• PROBLEM TO WORK ON
Exclude all pictures from your copy of the data below, which should otherwise match exactly.

• AVAILABLE DATA
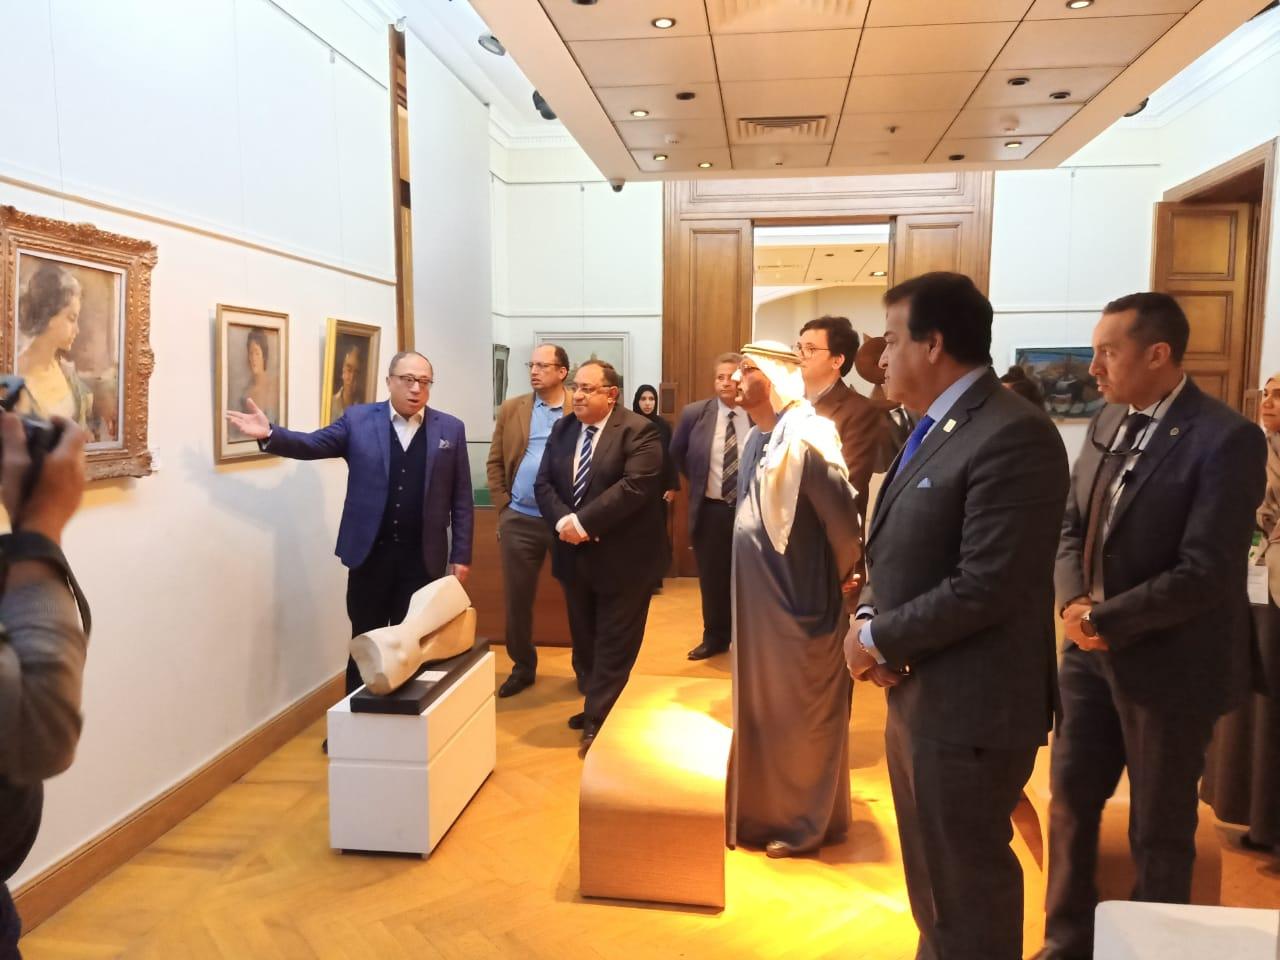 وزير التعليم العالى ووزير التعليم الإماراتى فى زيارة لكلية الفنون الجميلة بالزمالك (2)
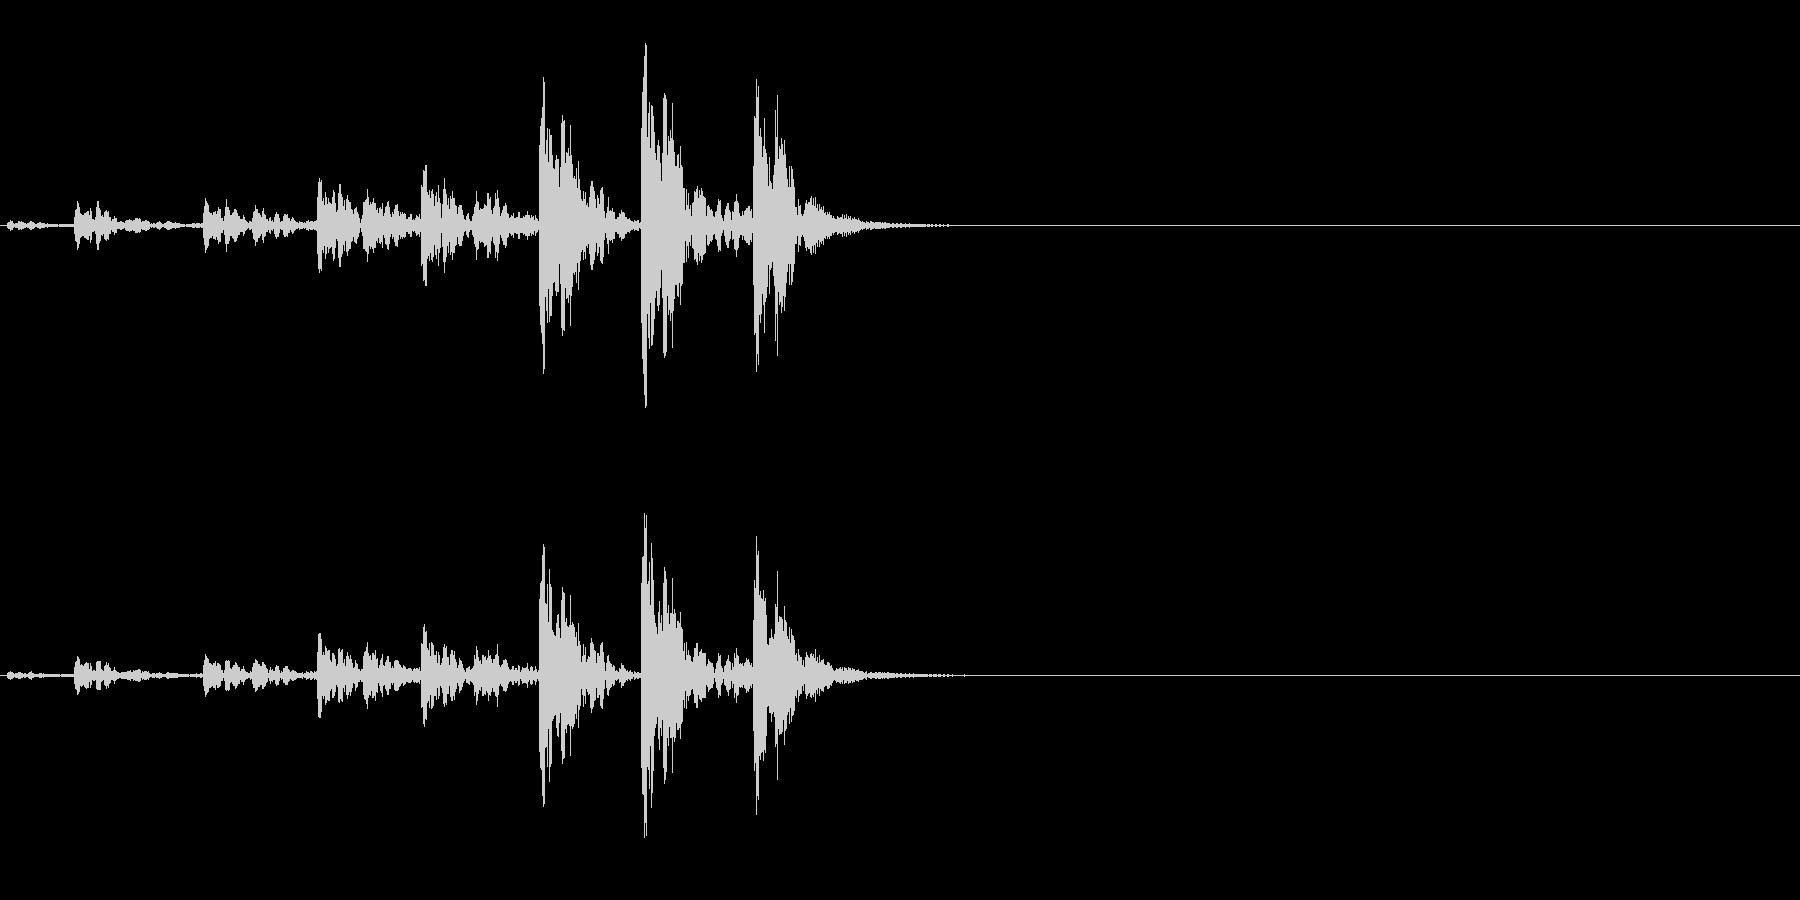 相撲などの触れ太鼓「大拍子」の連続音2の未再生の波形
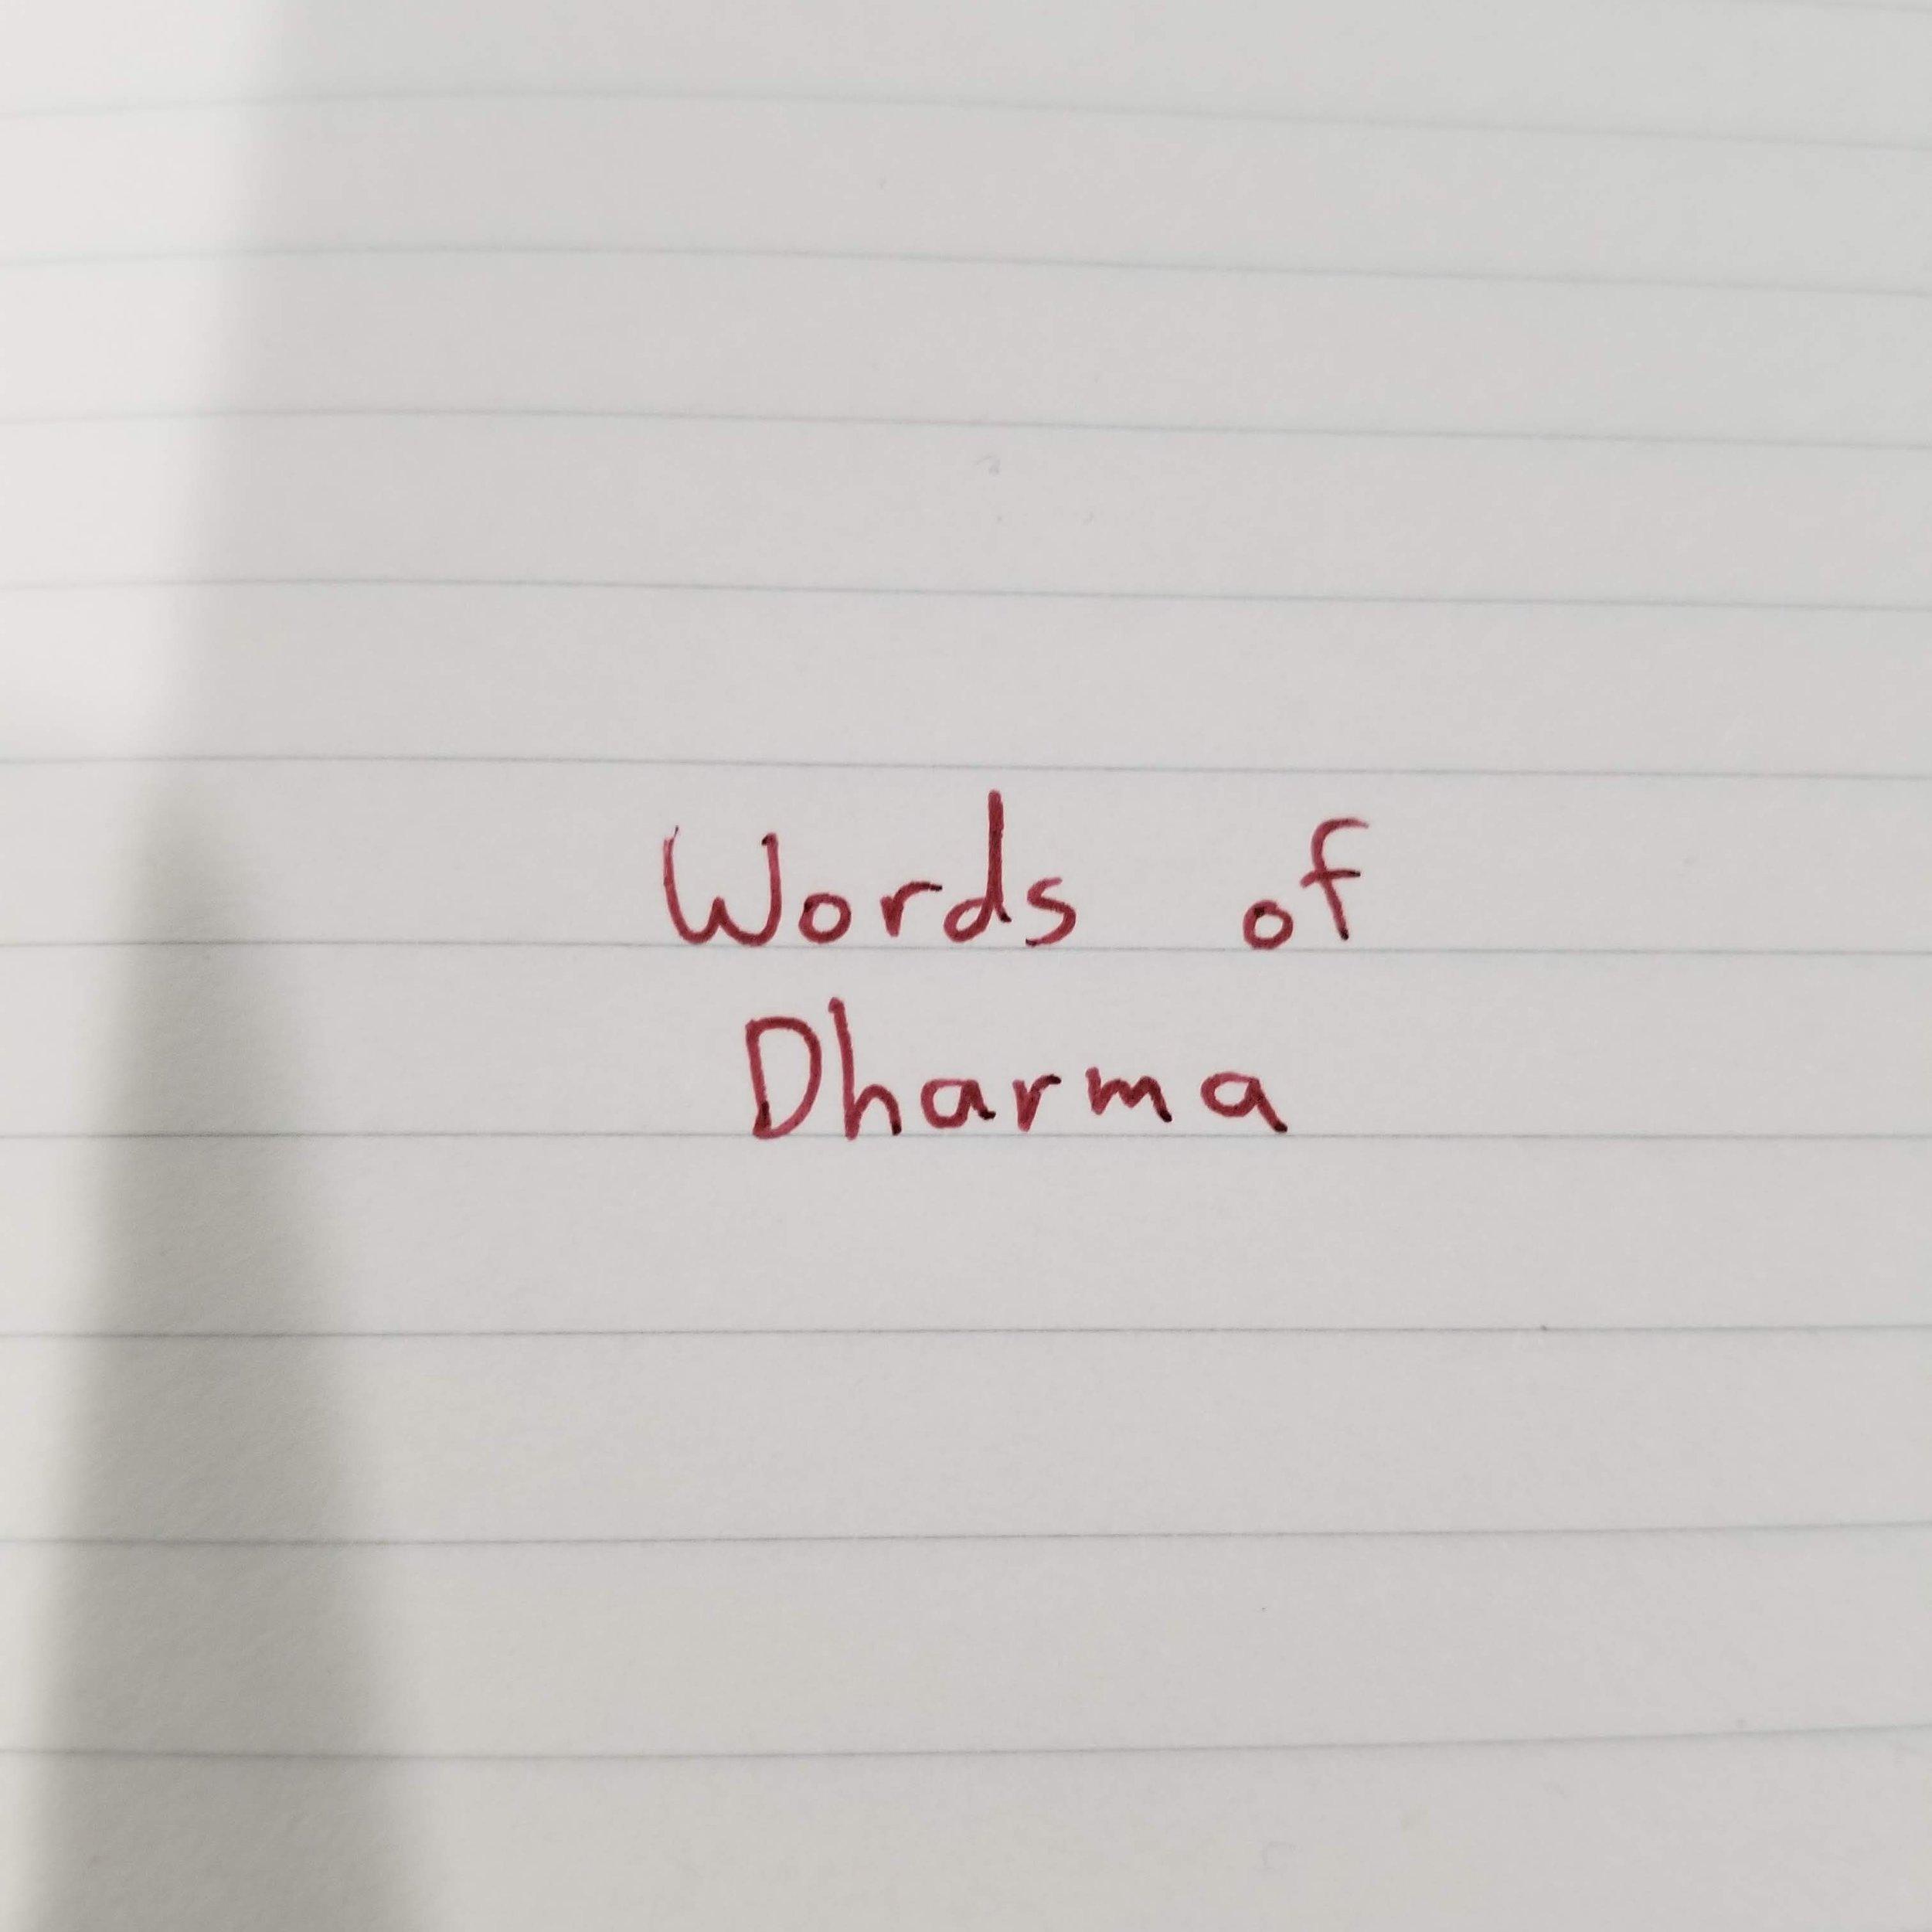 Words of Dharma
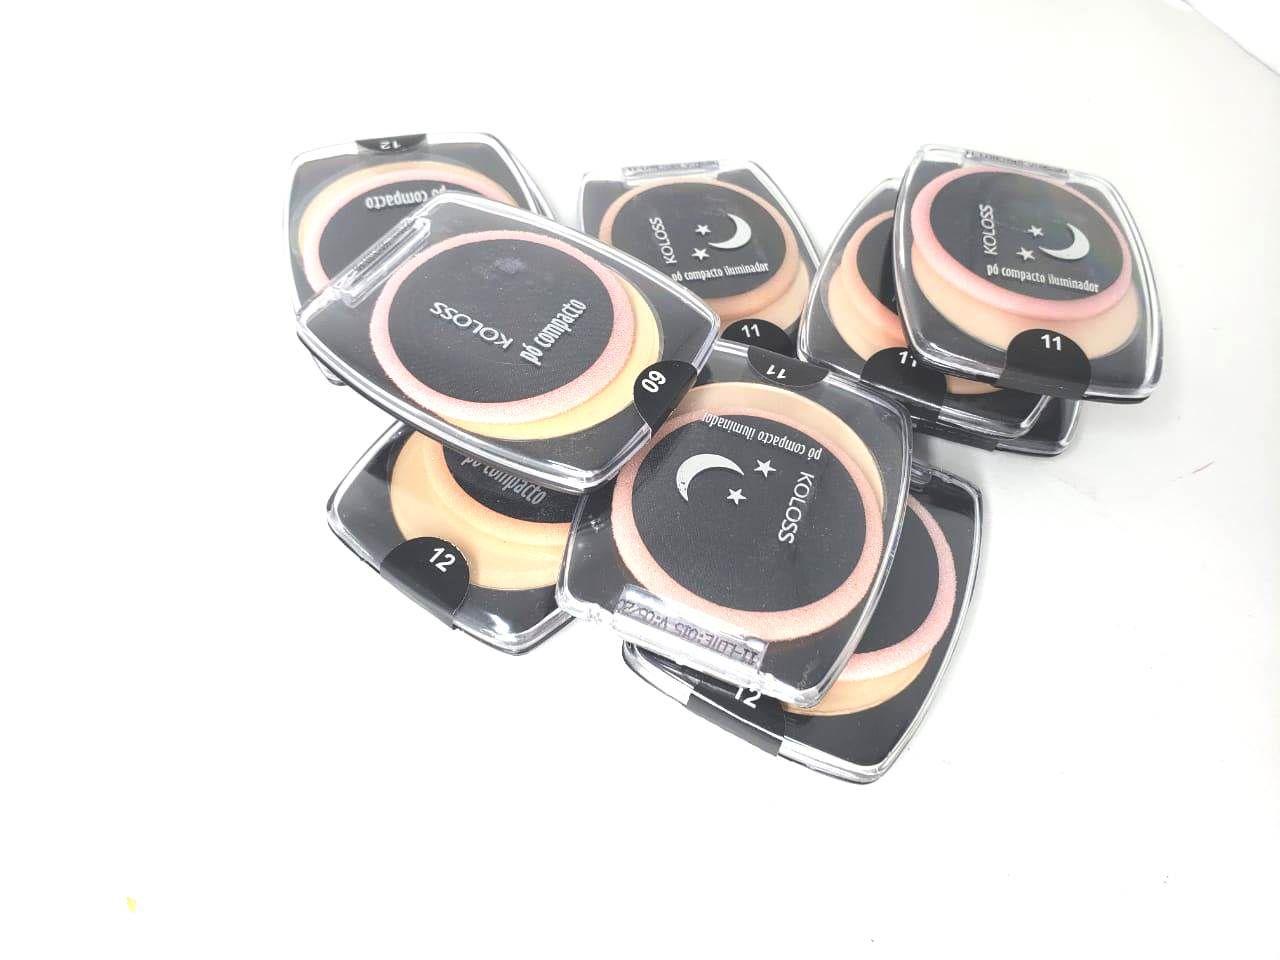 Caixa Pó compacto koloss cor 10 c/ 10 un -preço de custo

• THE ANSWER
 وزير التعليم العالى ووزير التعليم الإماراتى فى زيارة لكلية الفنون الجميلة بالزمالك (2)
 相撲などの触れ太鼓「大拍子」の連続音2の未再生の波形
 Words of Dharma
 Caixa Pó compacto koloss cor 10 c/ 10 un -preço de custo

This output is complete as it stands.